The strategic pivot to using Contract Development and Manufacturing Organizations (CDMOs) is a direct attempt to manage future capital expenditure risk, though it resulted in the large Q2 2025 impairment charge. The company's cash position at the end of Q3 2025 was $153.1 million.

Key cost drivers you need to monitor include:

• R&D spend, which remains substantial, averaging $97.1 million for the nine months ended September 30, 2025.
• Personnel costs, which are a major driver of both R&D and G&A.
• Non-cash valuation adjustments on contingent consideration liabilities.

Finance: draft 13-week cash view by Friday.

Sana Biotechnology, Inc. (SANA) - Canvas Business Model: Revenue Streams

You're looking at the revenue side of Sana Biotechnology, Inc. (SANA) as of late 2025, and honestly, it's what you'd expect from a company deep in the development trenches. The current reality is that there are no commercial sales yet, so the focus is entirely on funding the science.

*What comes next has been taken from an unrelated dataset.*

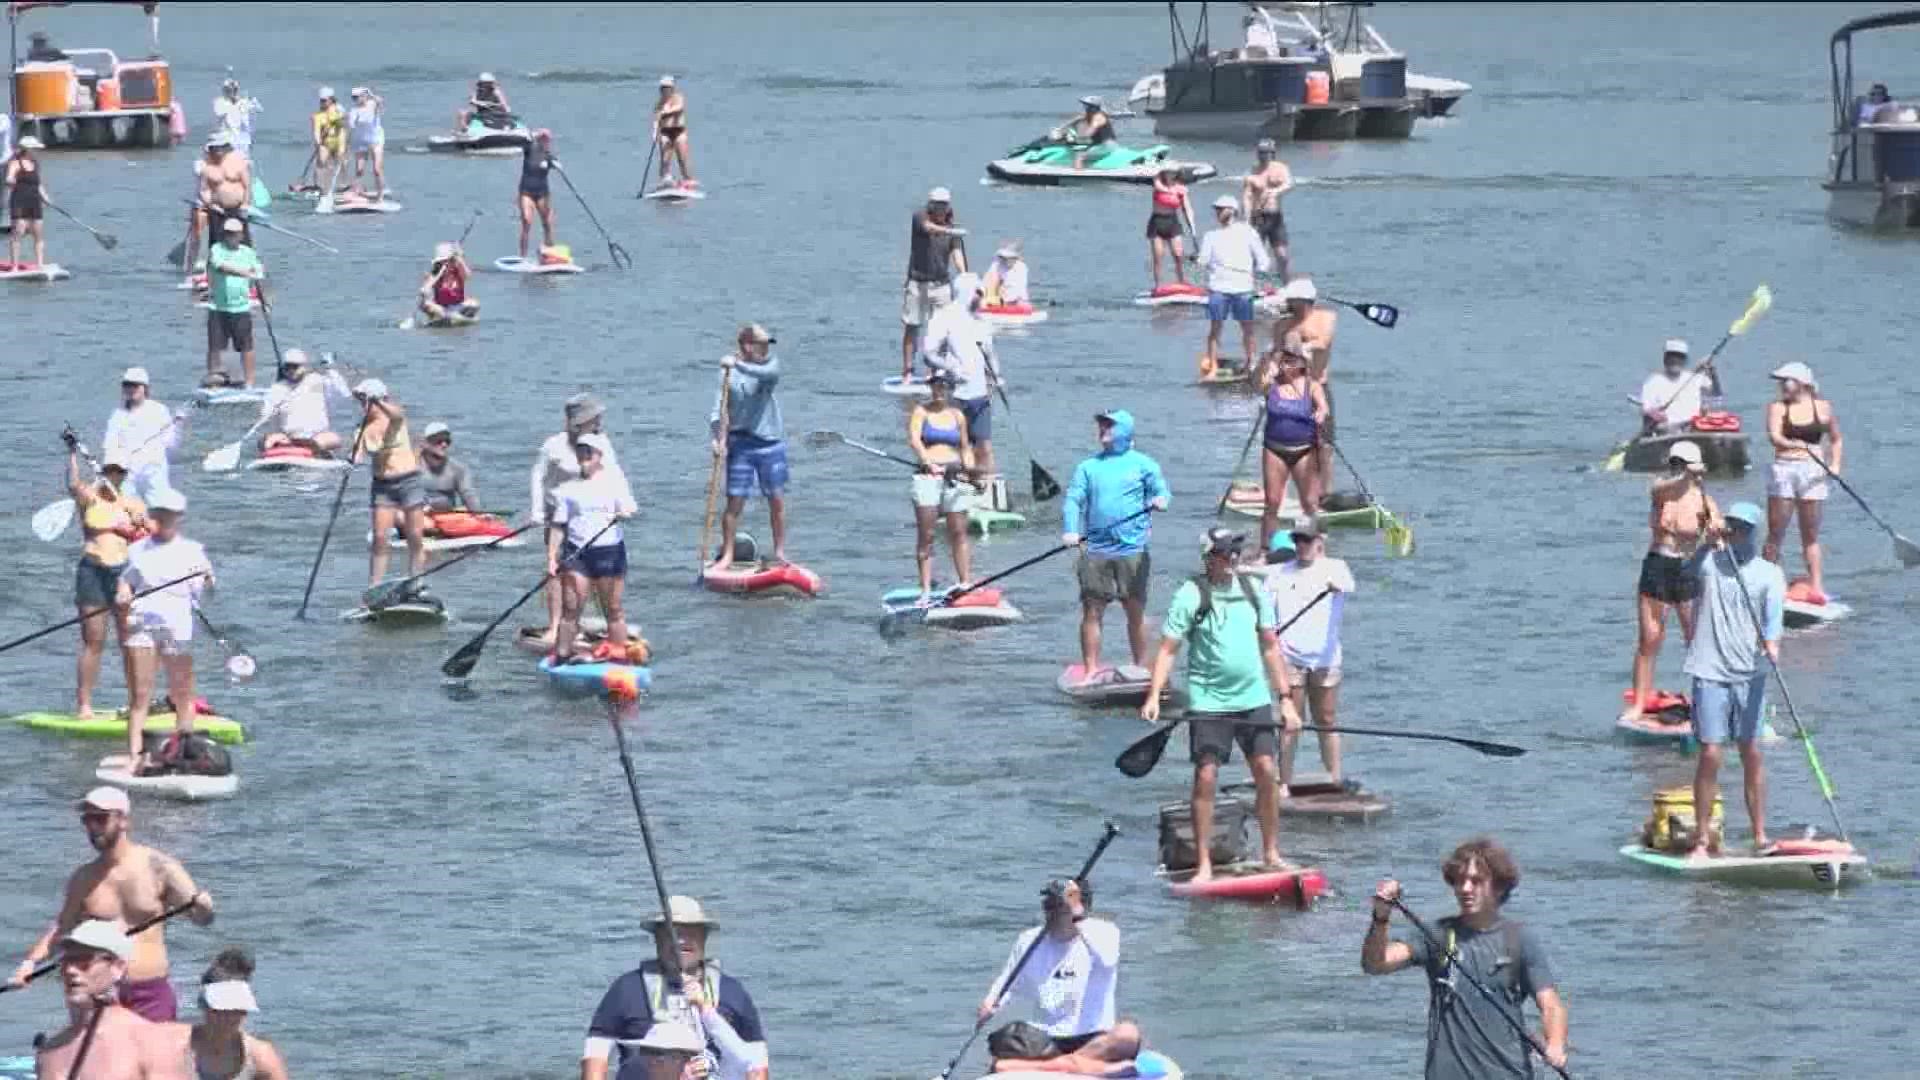 The paddlers boarded 21 miles as part of the Tyler's Dam that Cancer event.

Zero Product Revenue (Pre-Commercial Stage)

Sana Biotechnology, Inc. is definitely in the pre-commercial stage. You won't find any revenue from selling approved medicines right now; the company has no products approved for commercial sale. The entire financial model right now relies on external capital to fund the significant Research and Development Expenses necessary to get their cell therapies across the finish line.

Primary Funding via Equity Financing

The lifeblood for Sana Biotechnology, Inc. in late 2025 is clearly equity financing. The company has been actively raising capital to extend its runway, which is expected to last into late 2026. This cash infusion is critical given the net losses reported, such as the $42.2 million net loss for the third quarter ended September 30, 2025.

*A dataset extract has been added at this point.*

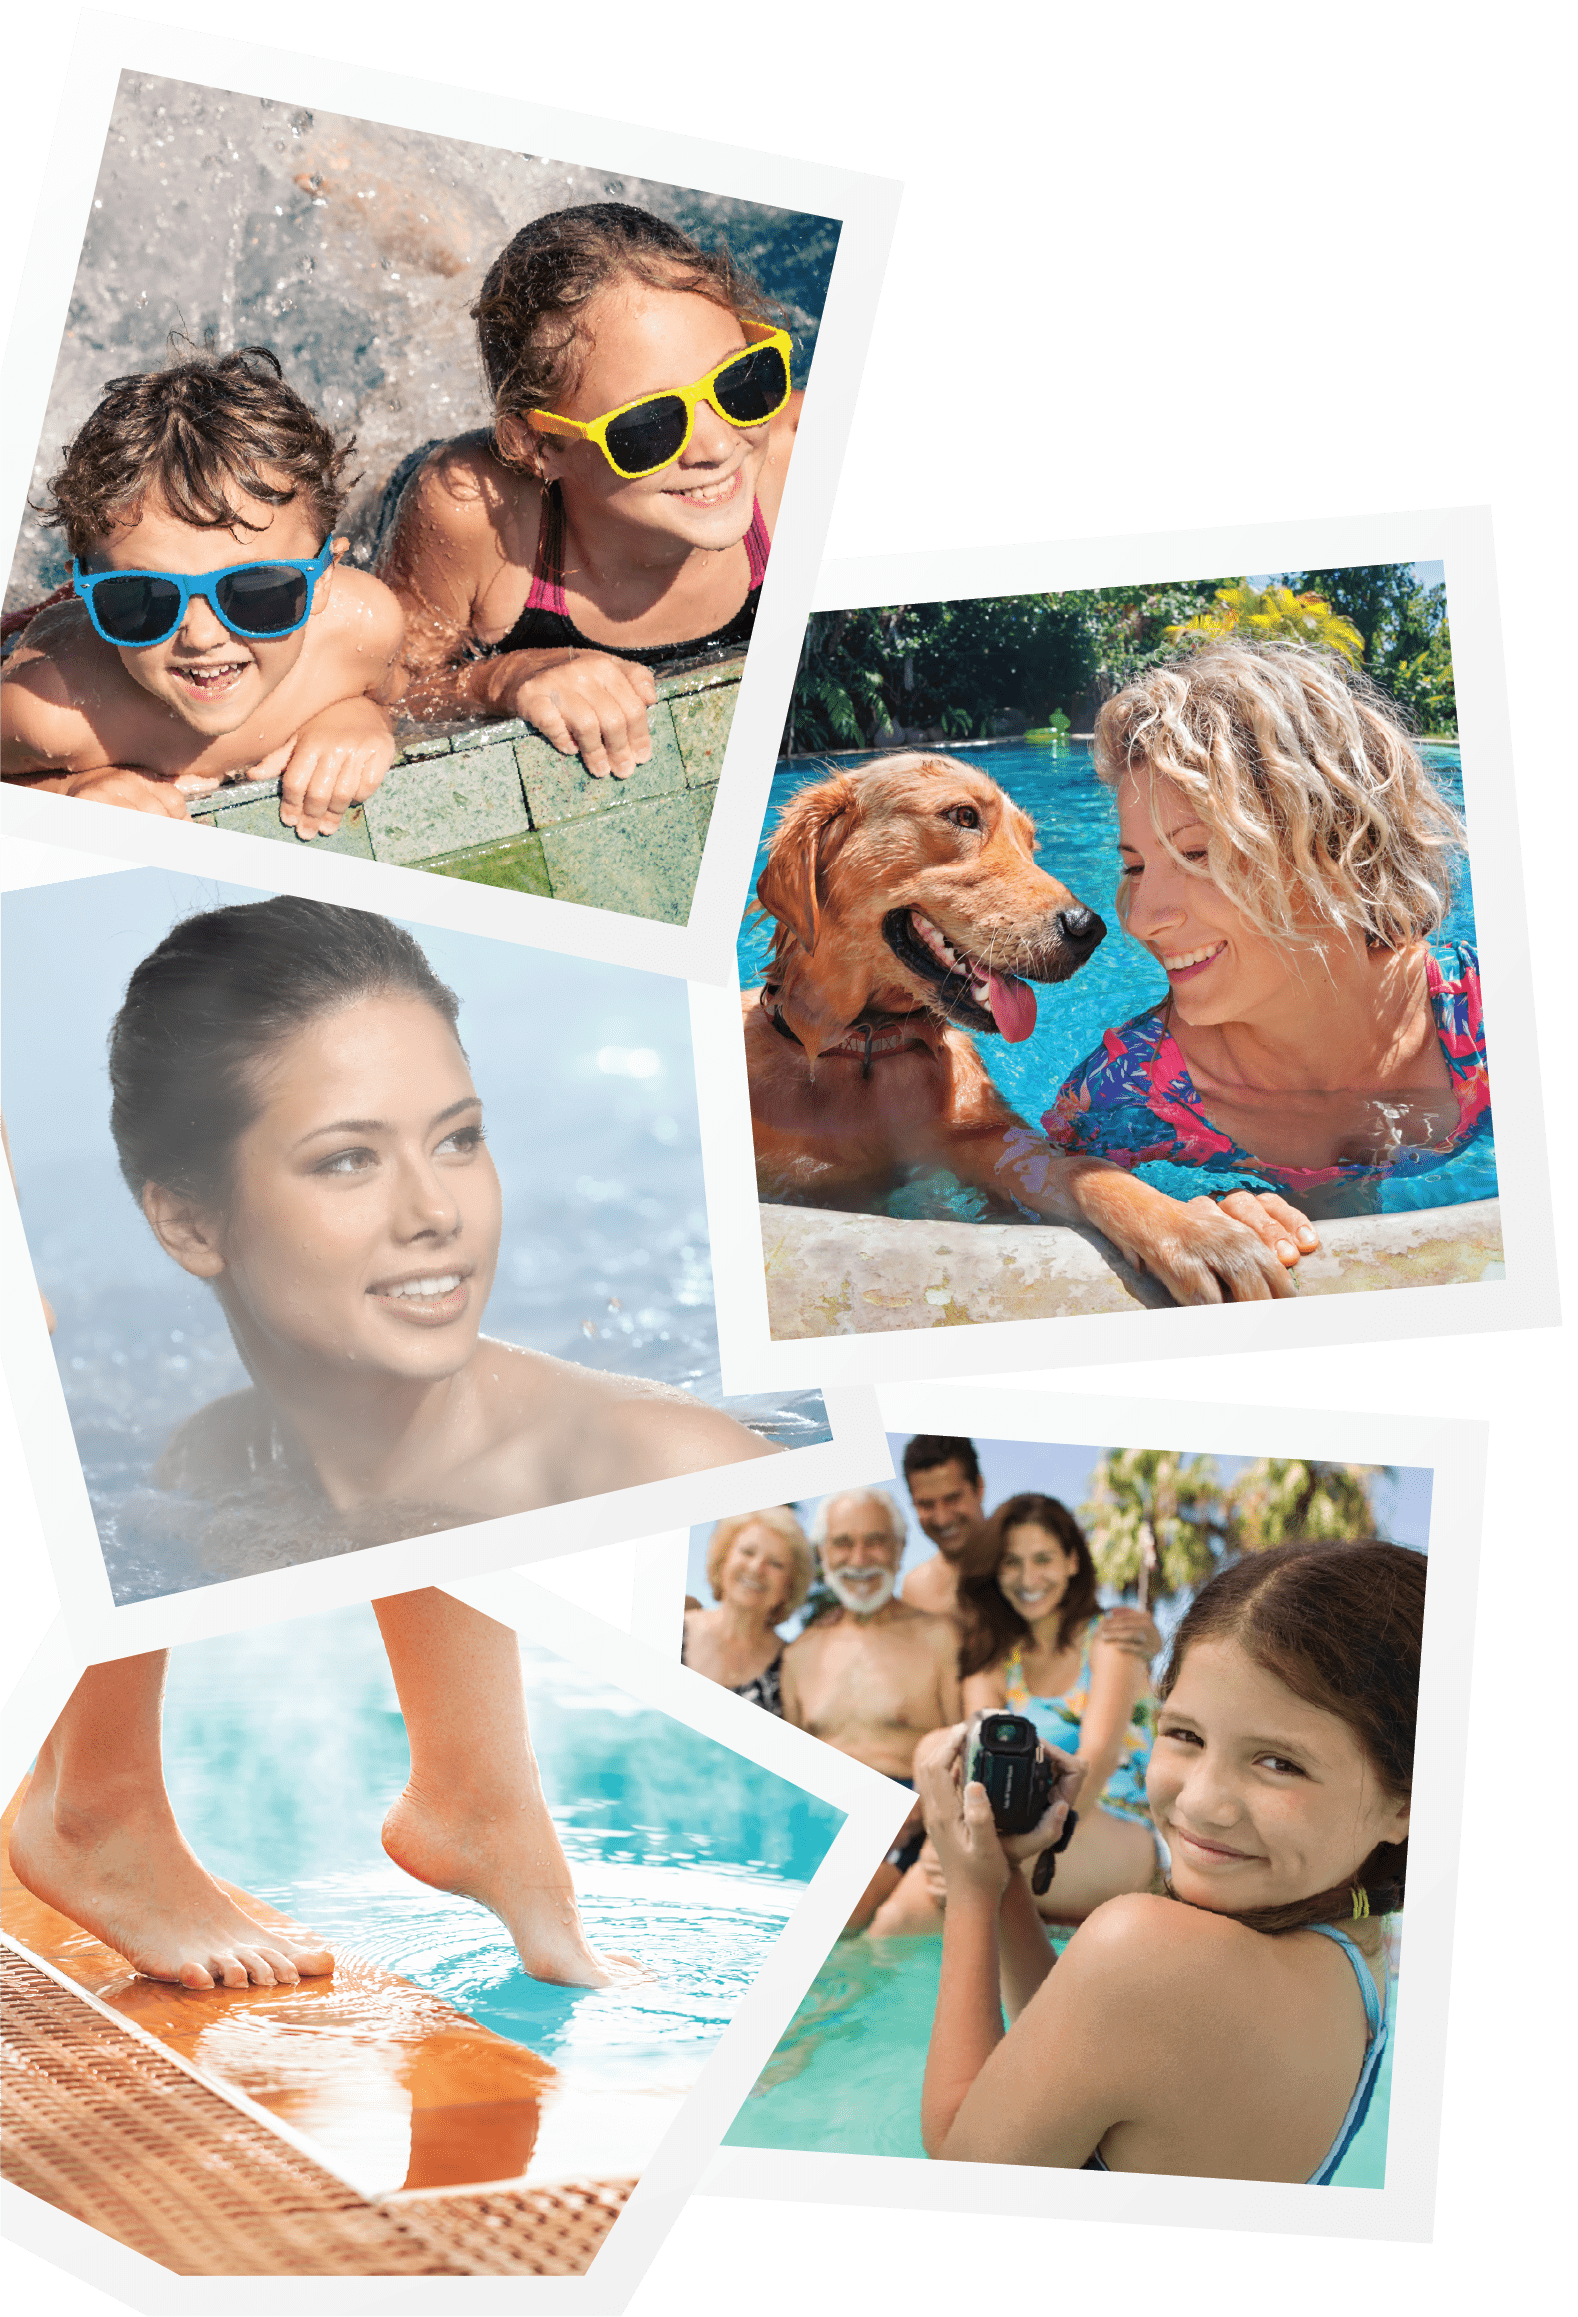 cards of stock images of people in pools

Here's the quick math on the most recent equity raises that bolster the balance sheet:

The net proceeds from equity financings through September 30, 2025, totaled $109.7 million, which helped keep the cash balance slightly up to $153.1 million from $152.5 million at the end of 2024.

Potential Future Milestone Payments from Collaborations

While not a current revenue source, the structure for future non-product revenue is in place through existing or future arrangements. You can see evidence of this mechanism in the accounting for contingent consideration. For the three months ended September 30, 2025, Sana recognized $3.1 million in non-cash expenses related to the change in estimated fair value of success payment liabilities. This indicates that milestone, royalty, or other payments under licenses or collaborations are an expected, albeit variable, component of future non-product revenue streams.

These potential payments are tied to the success of their pipeline, which Sana Biotechnology, Inc. has recently streamlined to focus on two key assets:

• Advancing SC451 toward an Investigational New Drug (IND) filing as early as 2026.
• Advancing SG293, the next-generation in vivo CAR T, toward an IND filing as early as 2027.

Future Product Sales of SC451 and SG293 (Post-Regulatory Approval)

The ultimate, and most significant, future revenue stream will come from product sales, contingent entirely on regulatory approval. The company has explicitly prioritized these two candidates. The path to market is still several years out, but the milestones are clear:

• SC451: A HIP-modified stem cell-derived pancreatic islet cell therapy for type 1 diabetes.
• SG293: An in vivo CAR T product candidate targeting B-cell cancers and/or autoimmune diseases.

Until an IND is accepted and clinical trials are successfully completed, these remain purely potential revenue sources, not actual financial figures for the current period. Finance: draft 13-week cash view by Friday.